Incorrigible France !
Jusqu’à ce week-end, Patrick Ricard
appartenait à la classe honnie du CAC 40, ce nouvel ennemi du peuple, clouée au
pilori pour ses superprofits, ses superdividendes et ses supersalaires. Depuis
son décès brutal, vendredi, il recueille un hommage unanime, digne de ceux
rendus aux grands hommes de la nation. Le voilà élevé au rang de « patron
visionnaire » et d’entrepreneur « emblématique de la réussite française dans le
monde » par un gouvernement qui n’emploie pas exactement le même langage - c’est
un euphémisme - à l’égard de ceux qui se battent au quotidien pour gagner des
marchés et développer leur entreprise à travers la planète.
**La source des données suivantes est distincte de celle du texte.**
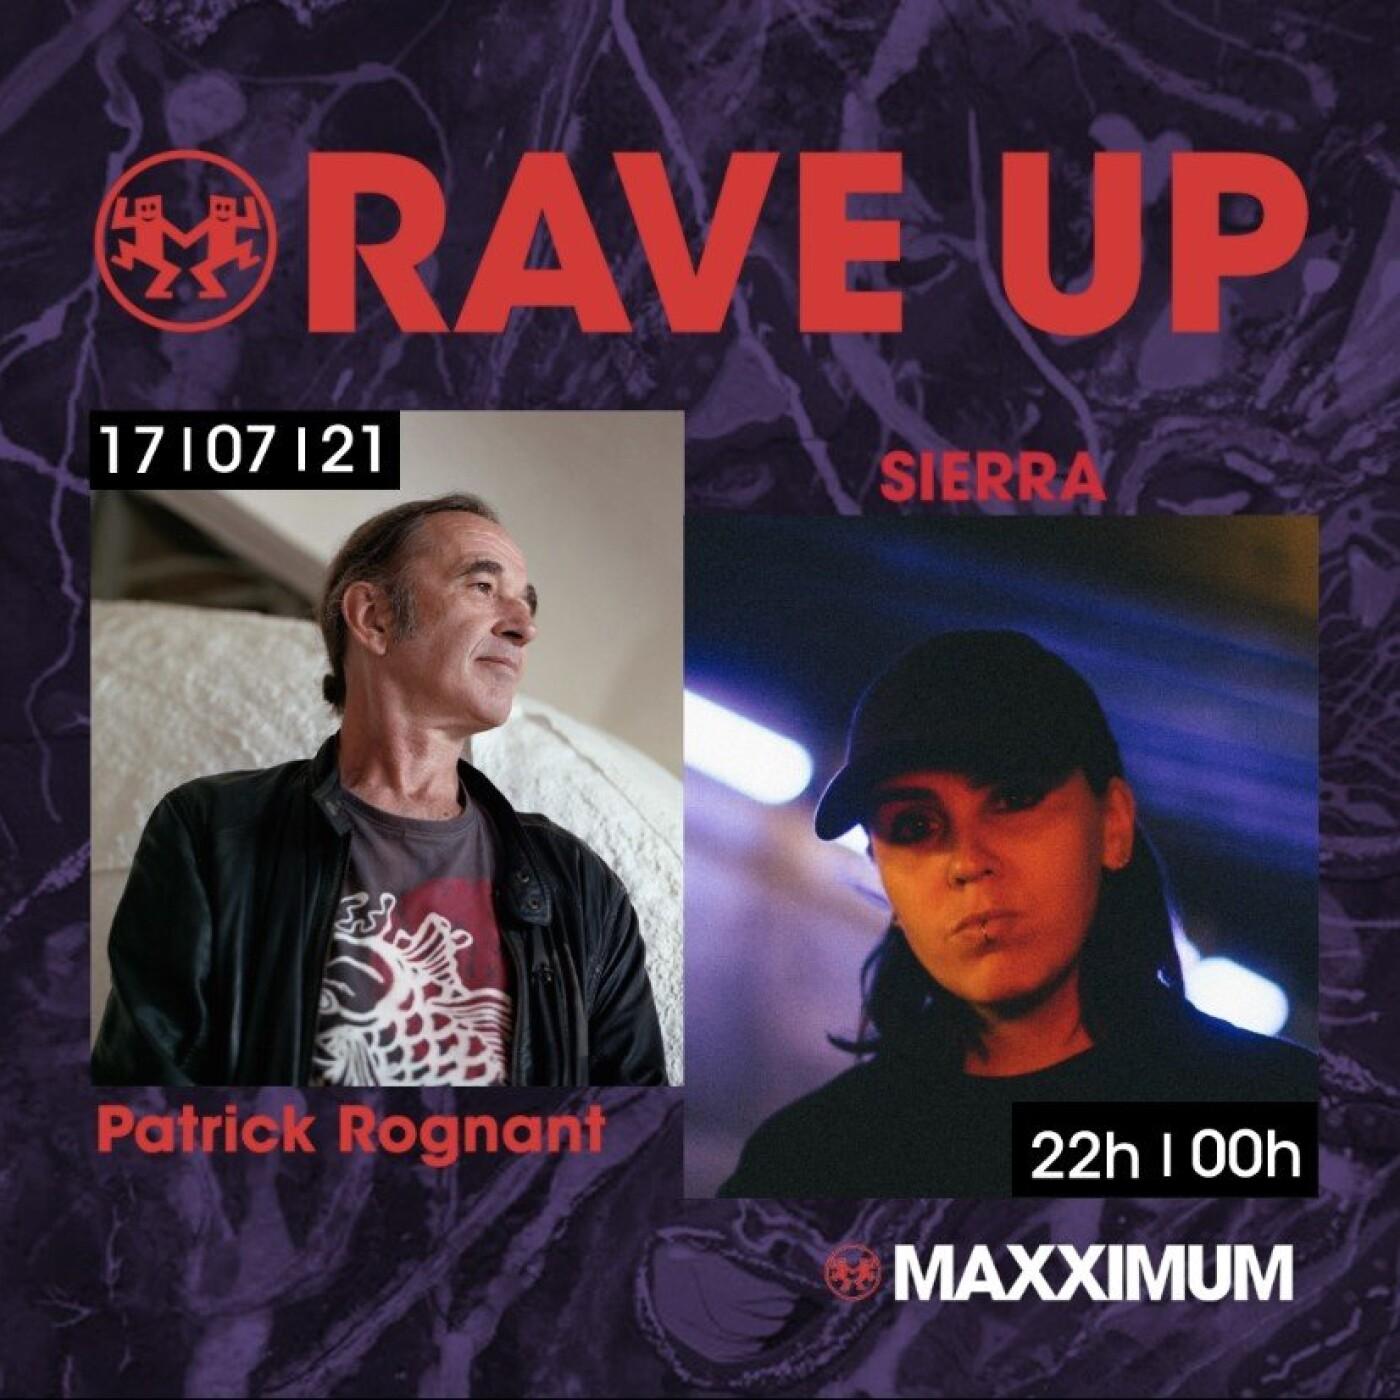 RAVE UP : SIERRA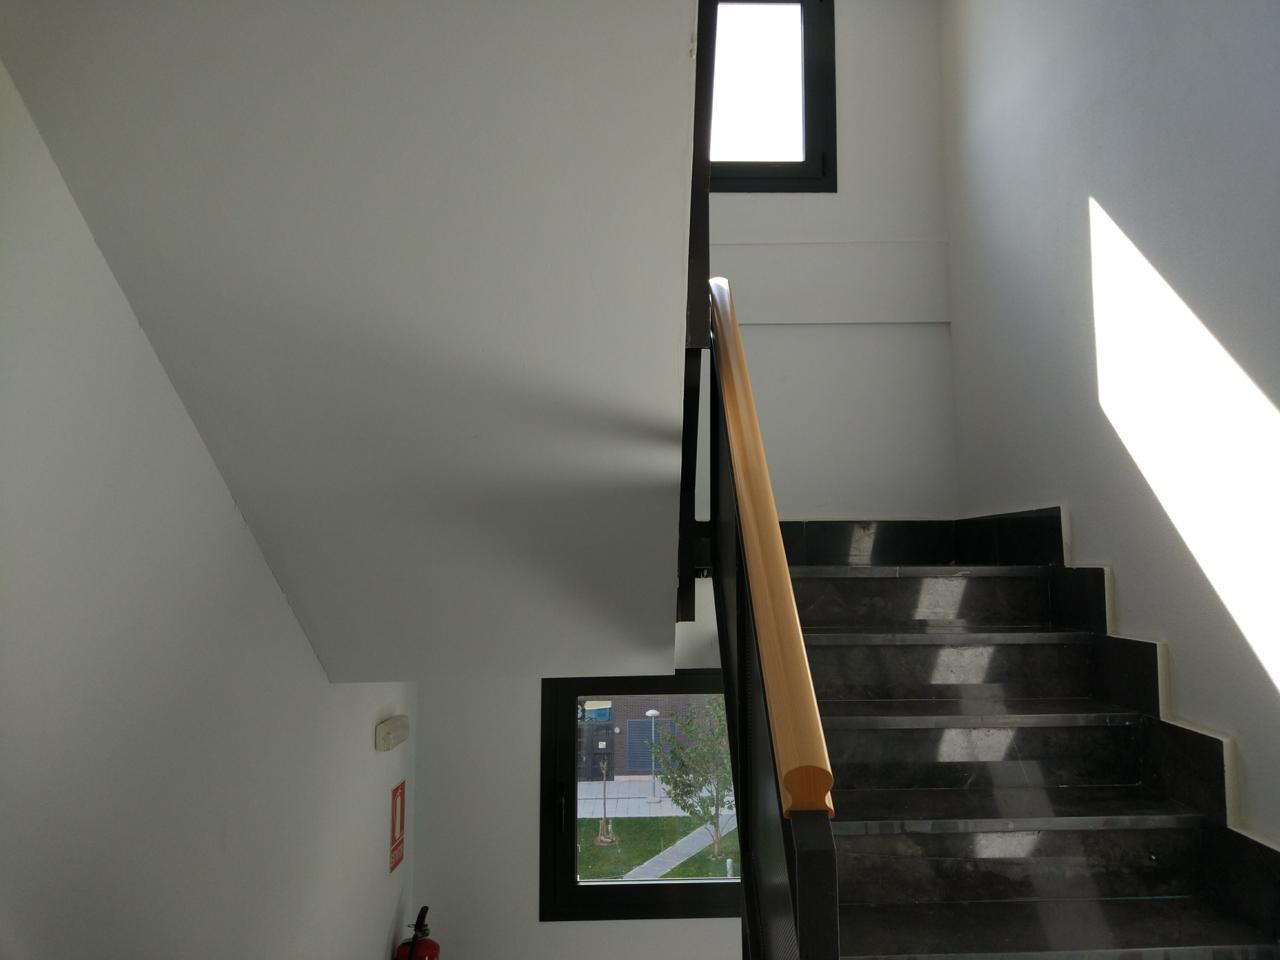 piso inversores con inquilino obra nueva zaragoza|publipisos inmobiliarias-10

Bien que tardif, cet
hommage posthume est pleinement justifié. Avec Patrick Ricard, la France vient
de perdre un grand chef d’entreprise. Homme discret et modeste, le fils de
l’inventeur du célèbre pastis a hissé en quelques années son groupe familial sur
le toit du monde des boissons alcoolisées avec une rare agilité. Et aujourd’hui,
la saga Ricard fait incontestablement partie de ces belles - mais trop rares -
réussites entrepreneuriales dont le pays a tant besoin pour se relever.
Le
paradoxe veut que, derrière son pessimisme désespérant et la défiance de ses
élites à l’égard du monde de l’entreprise, la France ne manque ni de talents, ni
de créateurs, ni d’entrepreneurs. Ils ne demandent qu’à s’exprimer. Encore
faudrait-il pour cela que l’initiative cesse d’y être entravée par une politique
fiscale et sociale dissuasive ; que le succès y soit célébré et non stigmatisé ;
que l’argent n’y soit plus considéré comme une maladie honteuse. De même
existe-t-il de grands groupes étrangers prêts à investir dans notre pays. Encore
faudrait-il leur assurer un environnement réglementaire stable, une liberté
d’action encadrée mais équitable, ainsi qu’un traitement politique raisonnable.
Le géant Unilever, pris au piège de l’affaire Fralib, ne demande pas autre
chose. Il n’est pas interdit de rêver à un retour de l’investissement, de la
croissance et de l’emploi. Mais à une condition : que la France montre qu’elle
aime ses entreprises et ses entrepreneurs.